┌──

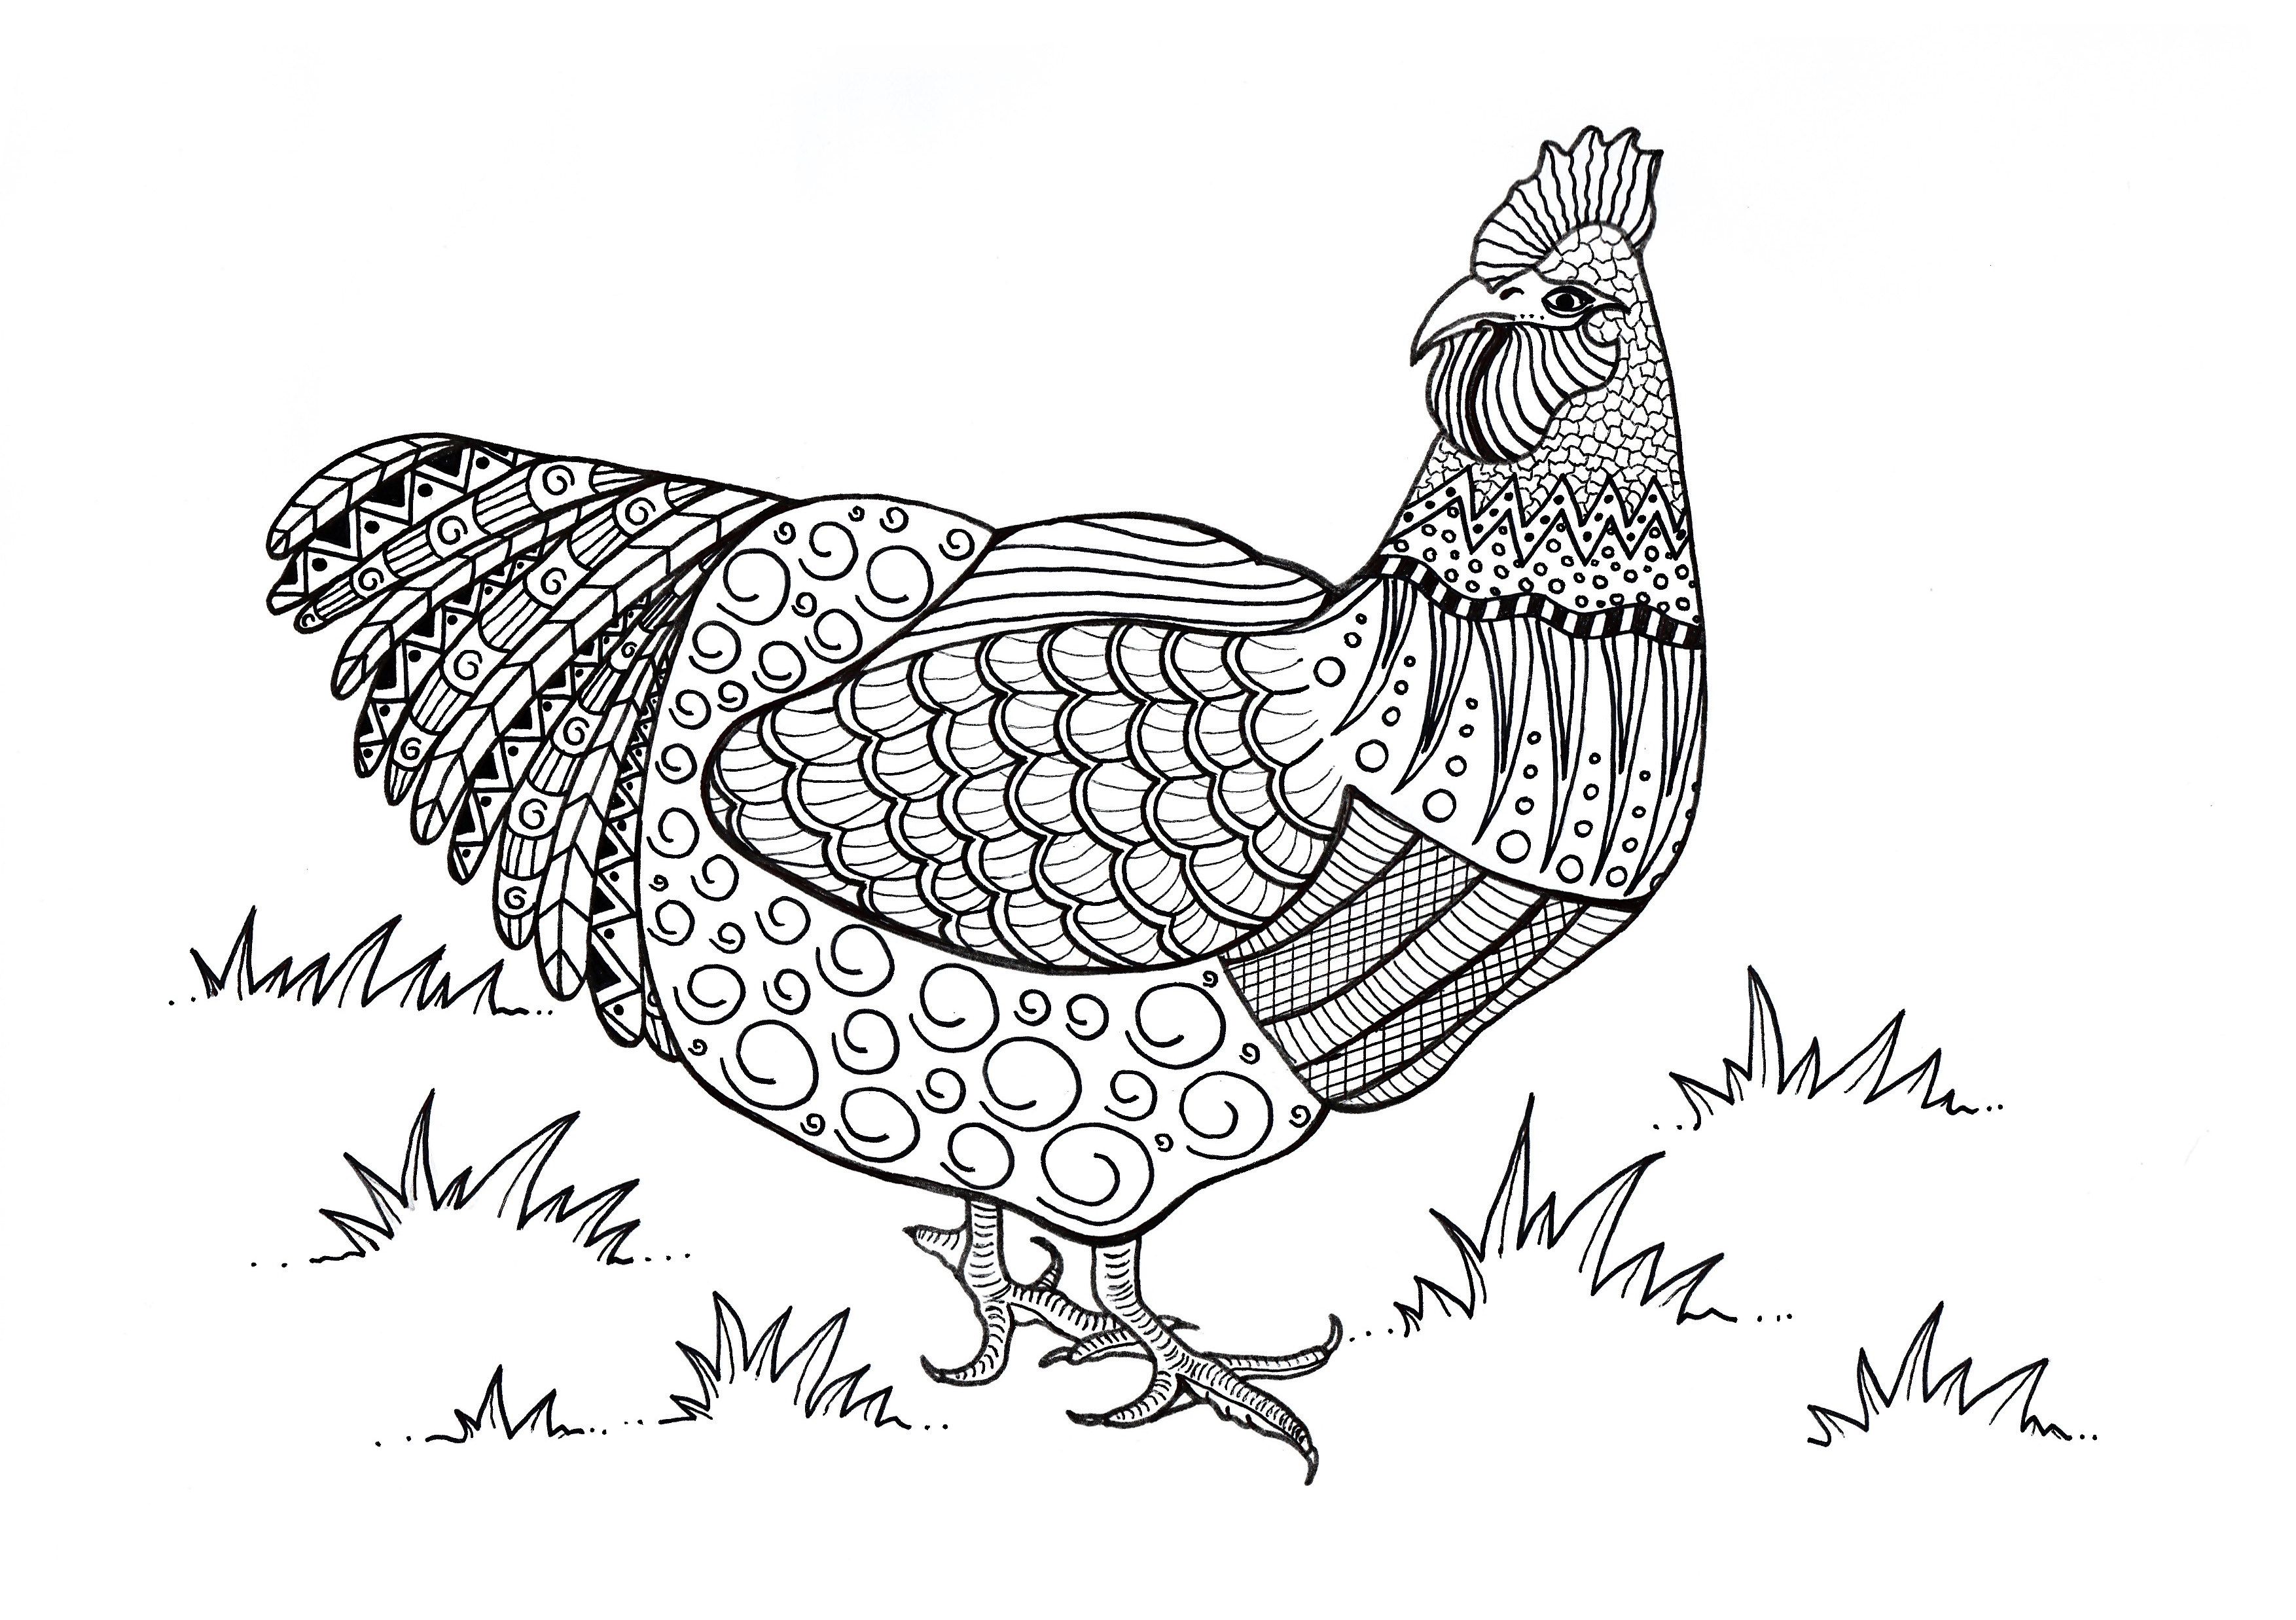 Coloring Pages For Adults Online
 FREE Adult Coloring Pages Happiness is Homemade
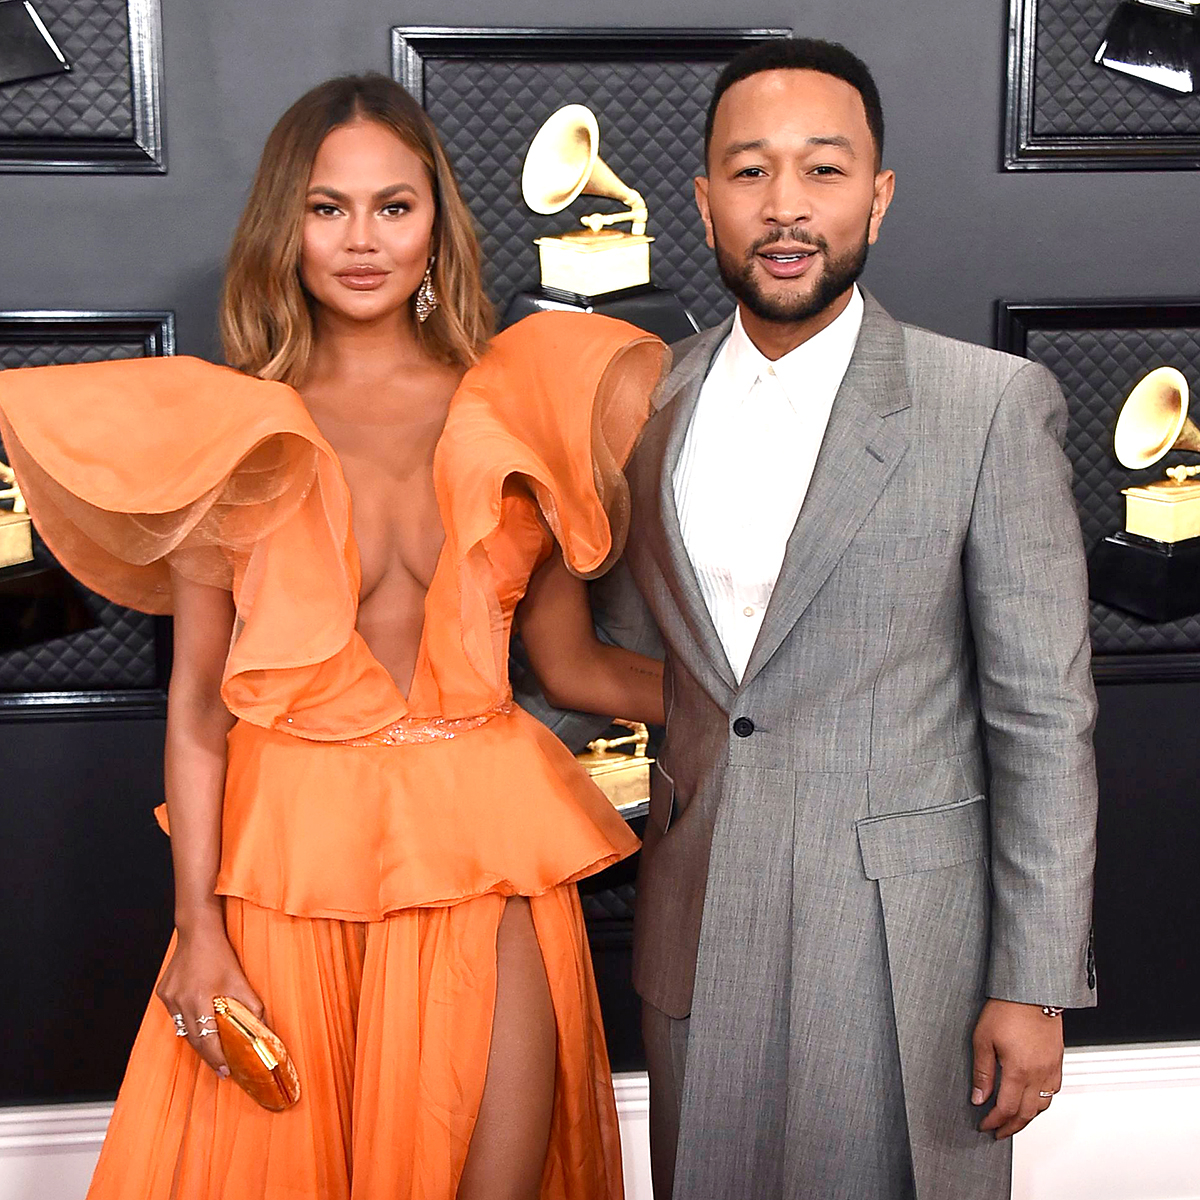 Stars Send Love and Support to Chrissy Teigen After Pregnancy Loss

└──

◆ WORK REQUIRED ◆
Copy out the listing above exactly, and keep the pictures out of it.

◆ EXPECTED OUTPUT ◆
 Coloring Pages For Adults Online
 FREE Adult Coloring Pages Happiness is Homemade
 Stars Send Love and Support to Chrissy Teigen After Pregnancy Loss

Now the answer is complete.